Currently our AWS darwin-amd64 builder guests take ~4 minutes to boot. This is much slower than guests on MacStadium (I'm told those were closer to 10s). 4 minute boot time is a significant drag on capacity. Subrepo tests are often much shorter than that, meaning we spend more time booting than we do running tests.

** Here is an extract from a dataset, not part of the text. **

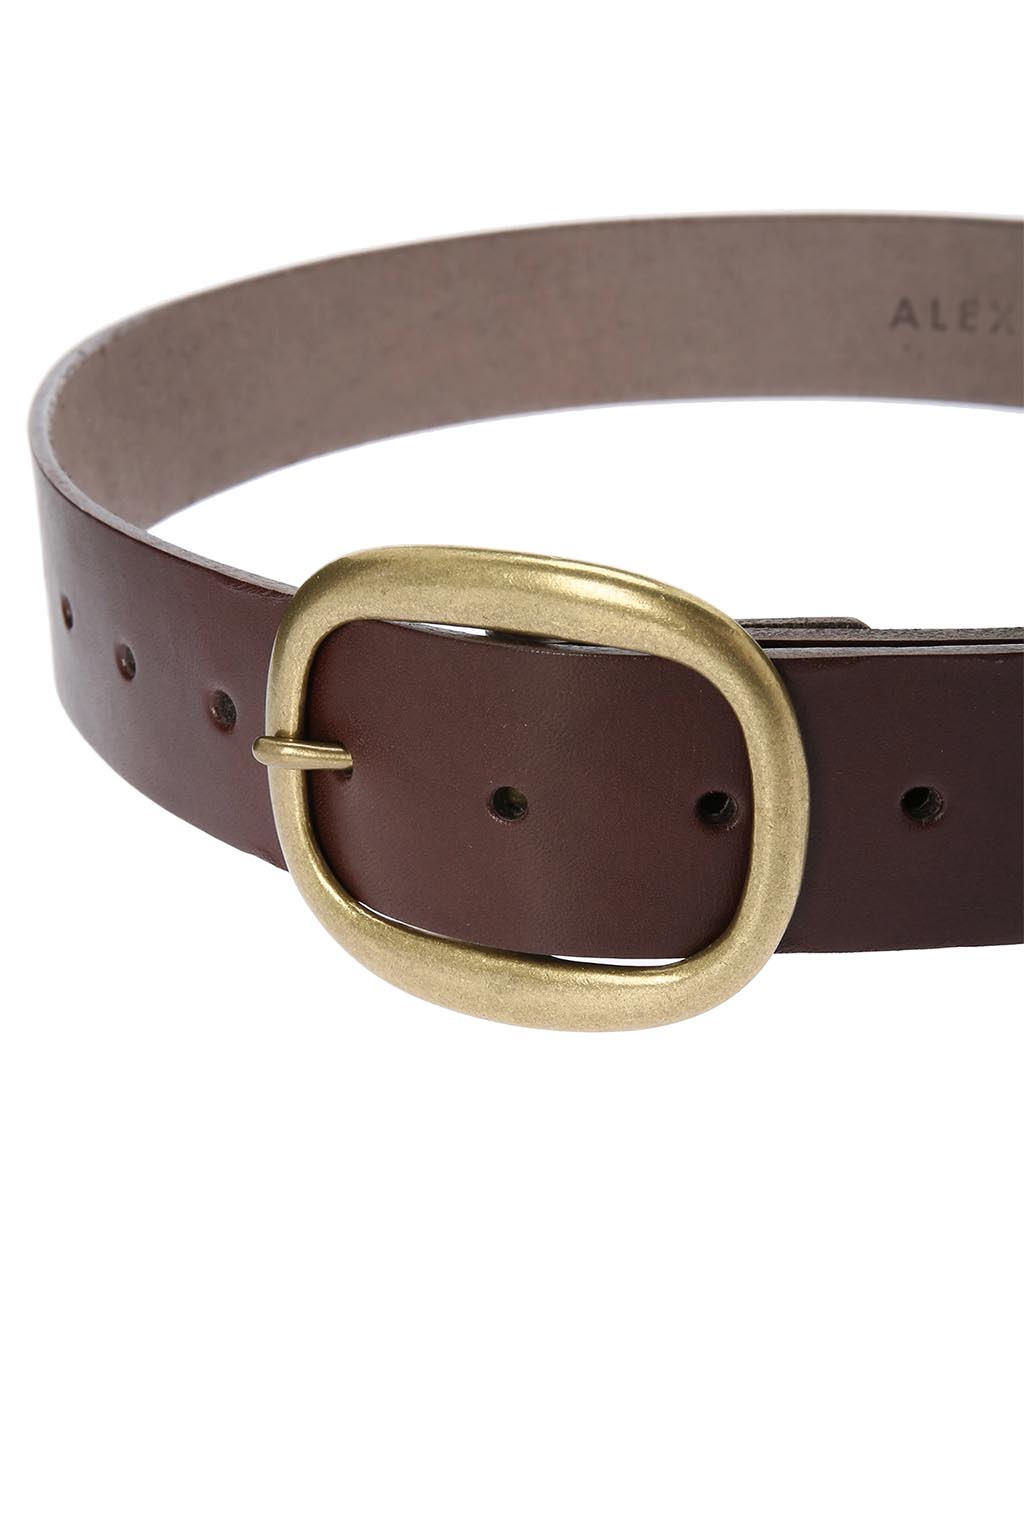 Leather Belt Brown 8

I dug into this a bit yesterday:

  • Disk performance does not seem to be a bottleneck. Moving the disk image from the root EBS volume we currently use to the internal Mac SSD had no impact.
  • QEMU's hvf (i.e., macOS) backend seems to have scalability problems w.r.t. number of guest CPUs. Boot times with different CPU counts (we currently use 6):
    • 1 CPU -> ~1m30s
    • 2 CPU -> ~1m15s
    • 4 CPU -> ~1m40s
    • 6 CPU -> ~4m
    • 8 CPU -> ~6m

image

A profile shows ~15% of all cycles spent in hvf_vcpu_exec -> qemu_mutex_lock_iothread / qemu_mutex_unlock_iothread, which sounds like lock contention to me. Indeed, this lock is pretty much held unconditionally for the duration of all VM exits: https://gitlab.com/qemu-project/qemu/-/blob/master/target/i386/hvf/hvf.c#L453. OTOH, the KVM backend avoids taking this lock for many (but not all) VM exit reasons.

I sent a mail to [email protected] about this, but I'm not sure it went through, as it doesn't appear on the mailing list archive.

Anyways, a quick improvement will be to switch to 4 CPUs, which hopefully is still enough to avoid test timeouts.

prattmic avatar Jan 11 '23 14:01 prattmic

I added tracing to QEMU, and these are the VM exit reason counts during boot:

25338097  hvf_vcpu_exit: exit reason 48 (EPT violation)
1465860   hvf_vcpu_exit: exit reason 7  (Interrupt window)
955636    hvf_vcpu_exit: exit reason 1  (External interrupt)
532542    hvf_vcpu_exit: exit reason 12 (HLT instruction)
80699     hvf_vcpu_exit: exit reason 30 (IO instruction)
3485      hvf_vcpu_exit: exit reason 10 (CPUID)
1597      hvf_vcpu_exit: exit reason 31 (RDMSR)
117       hvf_vcpu_exit: exit reason 28 (CR access)
69        hvf_vcpu_exit: exit reason 32 (WRMSR)
7         hvf_vcpu_exit: exit reason 55 (XSETBV)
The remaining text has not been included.